Scwhinn bicycles that were labeled "Deluxe" or (Equipped) came with all the "goodies" & priced accordingly. On the Unequipped models  at a lower cost,
did not have the the Fenderlite , luggage carrier , tank and horn. Schwinn also produced their bicycles for different companies…B.F.Goodrich , Lincoln &
others & were labeled with the appropriate head badge. It's a Schwinn but not the "Phantom" deluxe model. But , look at it this way…there's more
Phantoms out there than what you have …A Schwinn Lincoln ! Now I must go back to the mountains of "Schwinnland my son !!!


----------



## jn316 (Jun 25, 2012)

*Front Fender Prewar*

by the long indent on the sides the front fender is prewar.  cannot see clearly if the rear drop outs face to the rear of bike (prewar) or front facing (postwar) nice bike, great project.


----------



## snickle (Jun 26, 2012)

I would have guesses it to be a Panther with missing tank and rack based on the chain ring and pedals, but the long indent in the front fender, and lack of light mounting holes threw me off.


----------



## scrubbinrims (Jun 26, 2012)

As far as the hypothesis of your bike not being well endowed, I am not sure of that since it has the forebrake and locking spinger.
Without the front fender ducktail, I think what you have are replacement fenders on a phantom missing some parts.
I am no schwinn god, but that's what me thinks.
Chris


----------



## greenephantom (Jun 26, 2012)

Fenders are aftermarket, they have screws instead of rivets.  I'm going with Phantom or B6, has the correct paint scheme for either, but more likely Phantom since that springer was stock with a Phantom and extra with a B6.  Since this bike has obviously seen some action, it wouldn't surprise me if parts (like the crank & sprocket) got switched around sometime in the last 60 years.  High-miles Phantom that's been monkeyed with, that's my opinion.
Cheers, Geoff


----------



## rustyspoke66 (Jun 26, 2012)

Thanks for the all the input.
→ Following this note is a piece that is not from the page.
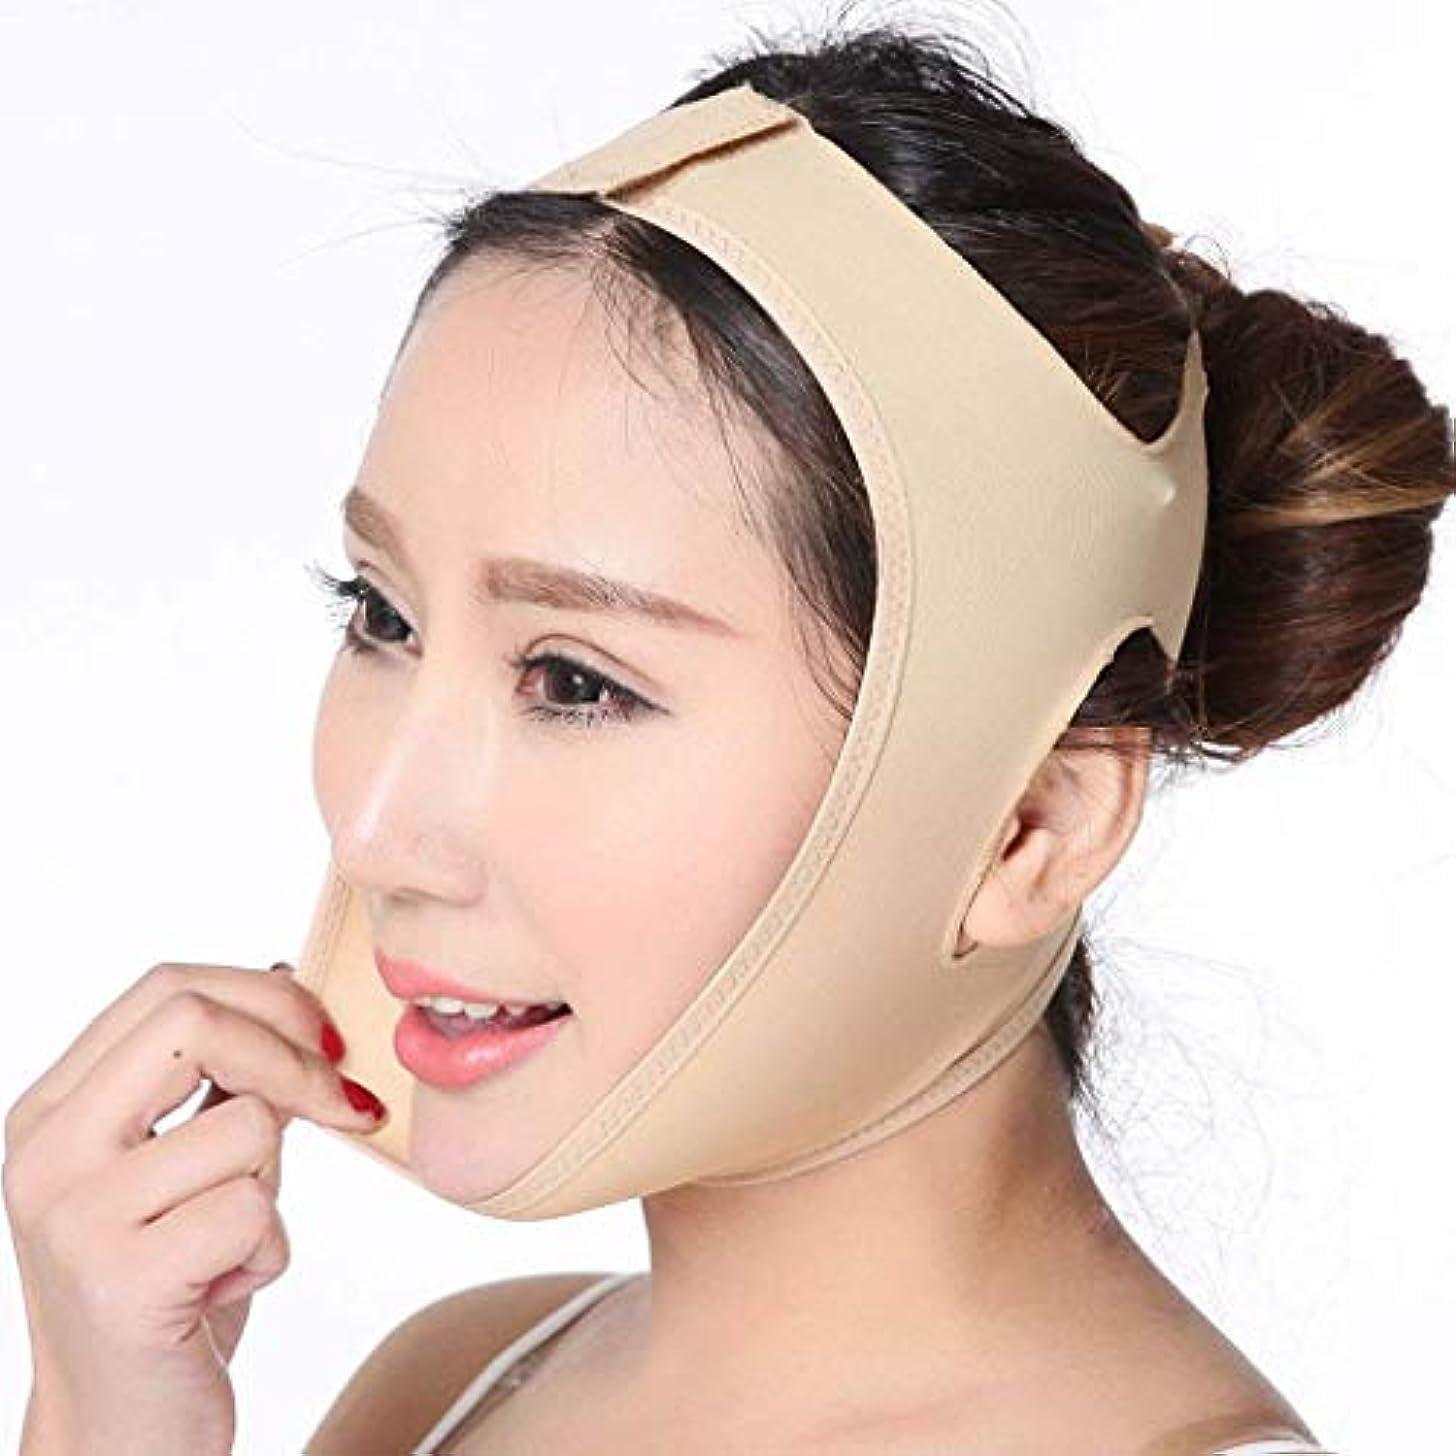 期間アヒル次フェイスリフティング包帯、スリムマスク頬紅顔/痩身包帯をスリミング睡眠とV顔は、二重あご通気性、肌を減らす (XXL)

I think I would agree with the monkey'd with Phantom. I'll be checking it out in person today.


----------



## bikeboy1340 (Jun 26, 2012)

*Frantomstein Bike*

The frame is definitely postwar, due to tab frame.  The fenders are prewar style (not correct for that bike), could be original Schwinn with replacement bolt rivets or aftermarket completely.  I agree with Greenephantom that the bike is more than likely a Phantom or B6 that has had parts replaced over the years due to high use.  Still a nice find.


----------



## snickle (Jun 26, 2012)

Yeah thats what I meant


----------



## rustyspoke66 (Jun 26, 2012)

Ok I just got home from checking this thing out in person. The first thing I noticed is the tapered kickstand which would make it a 46. The rear hub is a Morrow with a date code of K3 which places the hub to prewar so I believe the assumption of the drive train being changed at some time is correct. The front hub is in great shape and should clean up and work fine with the addition of a brake lever and cable. The fenders are actually very nice but for a earlier bike and have Wald aftermarket braces. The rims are actually kind of nice and are actually drilled for heavy duty spokes which is kind of crazy since someone used standard spokes and the nipples look like they are going to pull through the rim. I am also guessing the seat is correct for a B6? The final question is does some one have a picture of a black and red B6? One more thing is that it looks like the bike will be added to my stable soon.


----------



## bikeboy1340 (Jun 26, 2012)

*Another mouth to feed*

Grab it because there is a lot of good working material there.  The seat could have come on many models, I have a '48 Lincoln badged Schwinn DX with the same seat.  The bars appear to be newer beach cruiser style.  If the parts aren't correct, they can always be used on another mouth to feed.  Congrats.


----------



## rustyspoke66 (Jun 27, 2012)

Ok I am assuming this is the correct fender for this bike?


----------



## greenephantom (Jun 28, 2012)

If it was a B6, then yes, that should be the correct fender.  B6 seemed like a long shot, but if that fender was in the same pile as the bike, then it seems real likely the bike's a B6.  Neat.
Cheers, Geoff


----------



## rustyspoke66 (Jun 28, 2012)

Just curious why a B6 would be a long shot. Other than missing the tank, rack and finders it seems like it would be more likely, with the locking spring fork and fore brake to be a B6?


----------



## Larmo63 (Jun 28, 2012)

Because all of that stuff came on Phantoms, and, so damn many of them were 

manufactured....... That fender is a game changer.


----------



## rustyspoke66 (Jun 28, 2012)

That's what I was thinking. I've never seen a black and red B6 but they must exist.


----------